The T94A has antioxidant activity in both hydrophilic and lipophilic environments. The T94A variant of FABP1 does not have a loss of function in regard to acting as an antioxidant but the extent of function may be influenced by ligand binding. We conclude that populations having the minor T94A allele frequency would have similar ROS scavenging potential as those with nascent FABP1.
肝脂肪酸结合蛋白(FABP1)是一种胞质多肽,可在整个细胞质中运输底物,并作为抗氧化剂发挥作用。常见的多态性变体 FABP1 T94A 的次要等位基因频率为 26-38%,人群中纯合子的频率为 8.3±1.9%。本研究的目的是突变并分离重组大鼠 FABP1 至 T94A 变体,以使用体外研究评估突变体的抗氧化活性。

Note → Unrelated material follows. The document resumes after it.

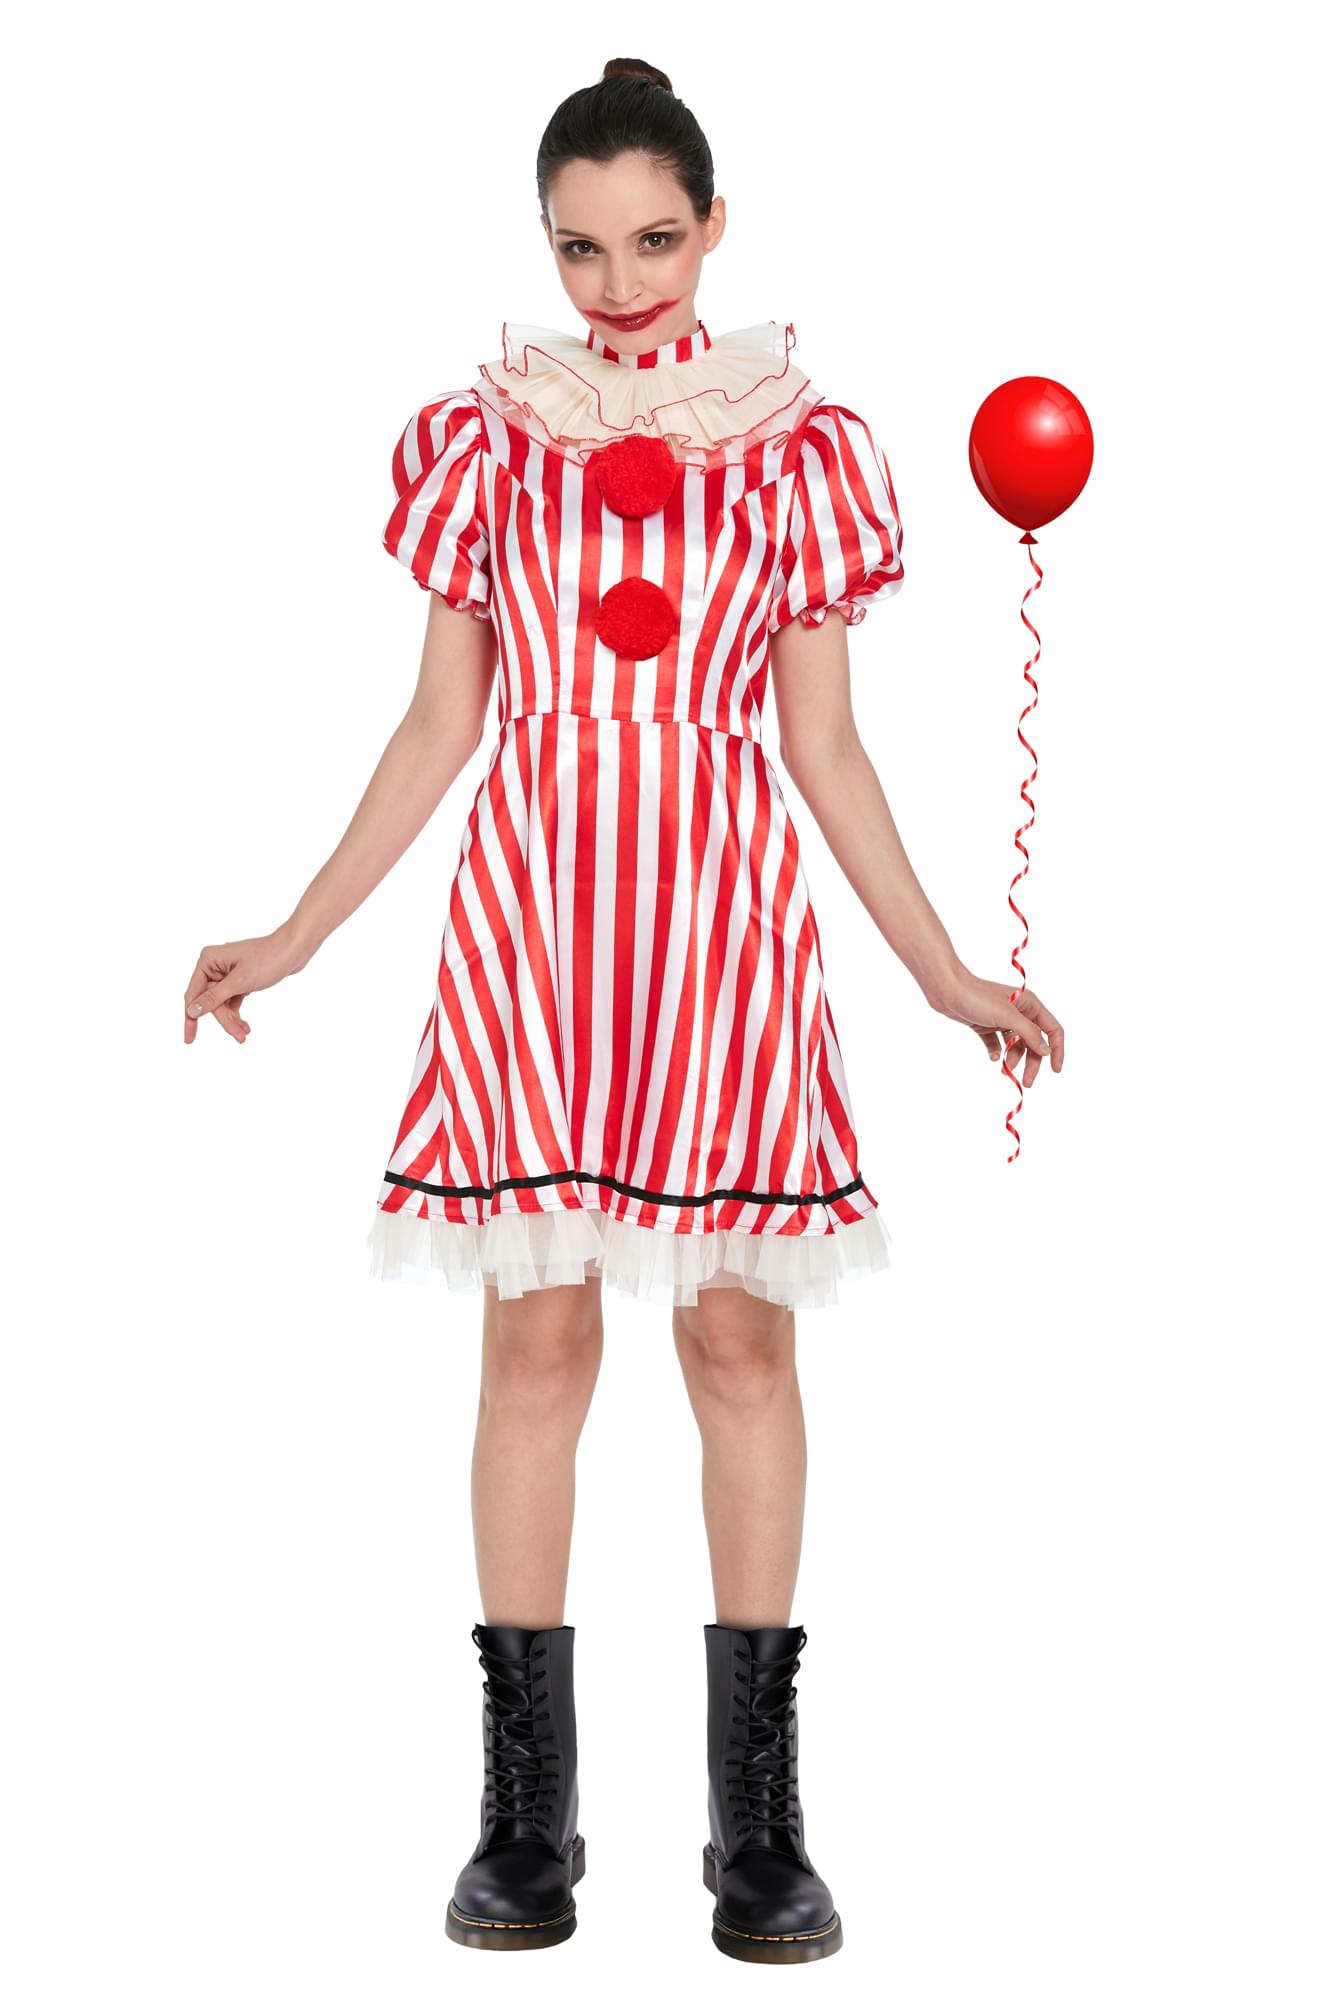 Clown Dress Women's Costume , One Size Fits Most

使用定点突变在 pGEX-6p-2 载体中的大鼠 cDNA 中生成突变。将该质粒转化到感受态细胞中,并进行培养以表达 FABP1 T94A 突变体。使用 GSTrap Fastflow 柱在 ÄKTA FPLC 系统中纯化突变蛋白。使用 2,7-二氯荧光素(DCF)测定法筛选 T94A 变体的抗氧化活性。此外,通过使用偶氮化合物 AAPH 和 MeO-AMVN 分别在亲水和亲脂环境中以及在长链脂肪酸棕榈酸和α-溴代棕榈酸的存在和不存在下,使用硫代巴比妥酸反应物质(TBARS)测定法确定 T94A 突变体的抗氧化活性。

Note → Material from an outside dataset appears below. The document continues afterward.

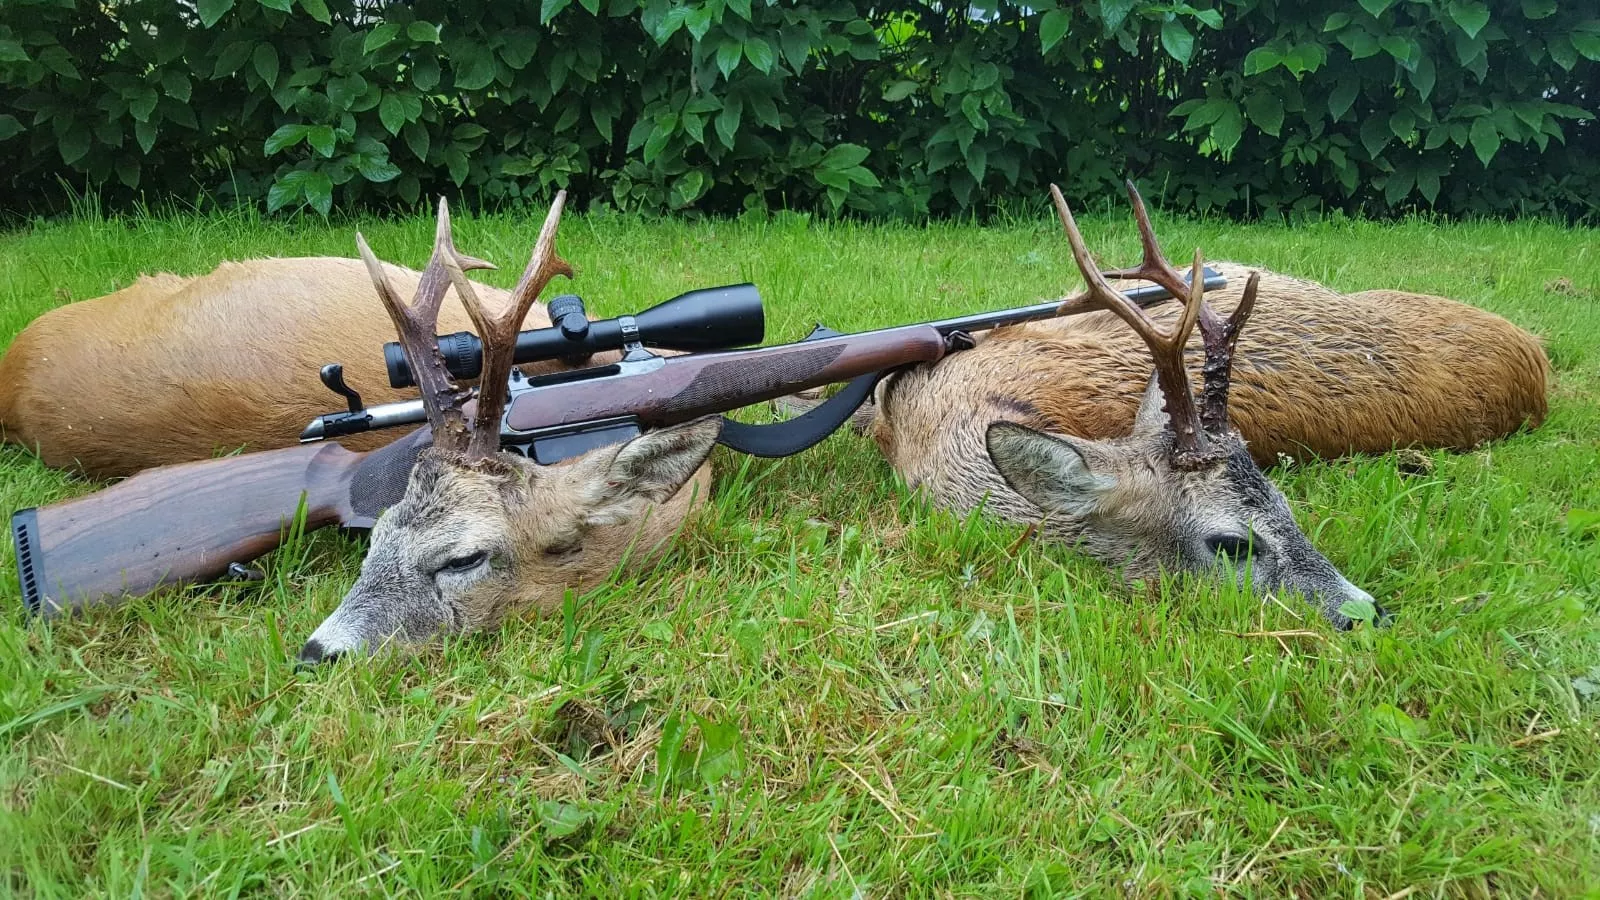 Tartu Jahindusklubi in Estonia, Europe | Hunting - Rated 1

尽管 FABP1 T94A(20 μM)突变体与对照(无蛋白;P<0.001)相比显着降低了 DCF 荧光,但与野生型(WT)FABP1 相比无显着差异。T94A 能够减少亲脂和亲水系统中丙二醛(MDA)的形成。在亲水环境中,T94A 突变体和 WT FABP1 在浓度为 1 和 10 μM 时(P<0.05)有显着差异,但在 20 μM 时没有差异,在所有浓度下在亲脂环境中也没有差异。当 T94A 与长链脂肪酸棕榈酸或α-溴代棕榈酸预孵育时,两种脂质过氧化系统中的 MDA 形成均减少。在两种脂质过氧化系统中,WT FABP1 和与脂肪酸结合的 T94A 之间没有统计学差异,但是当 T94A 和 WT FABP1 在 AAPH 脂质过氧化系统中仅与α-Br-PA 结合时,存在略微的统计学差异。
T94A 在亲水和亲脂环境中均具有抗氧化活性。FABP1 的 T94A 变体在作为抗氧化剂方面没有功能丧失,但功能的程度可能受配体结合的影响。我们得出的结论是,具有较小 T94A 等位基因频率的人群可能具有与新生 FABP1 相似的 ROS 清除潜力。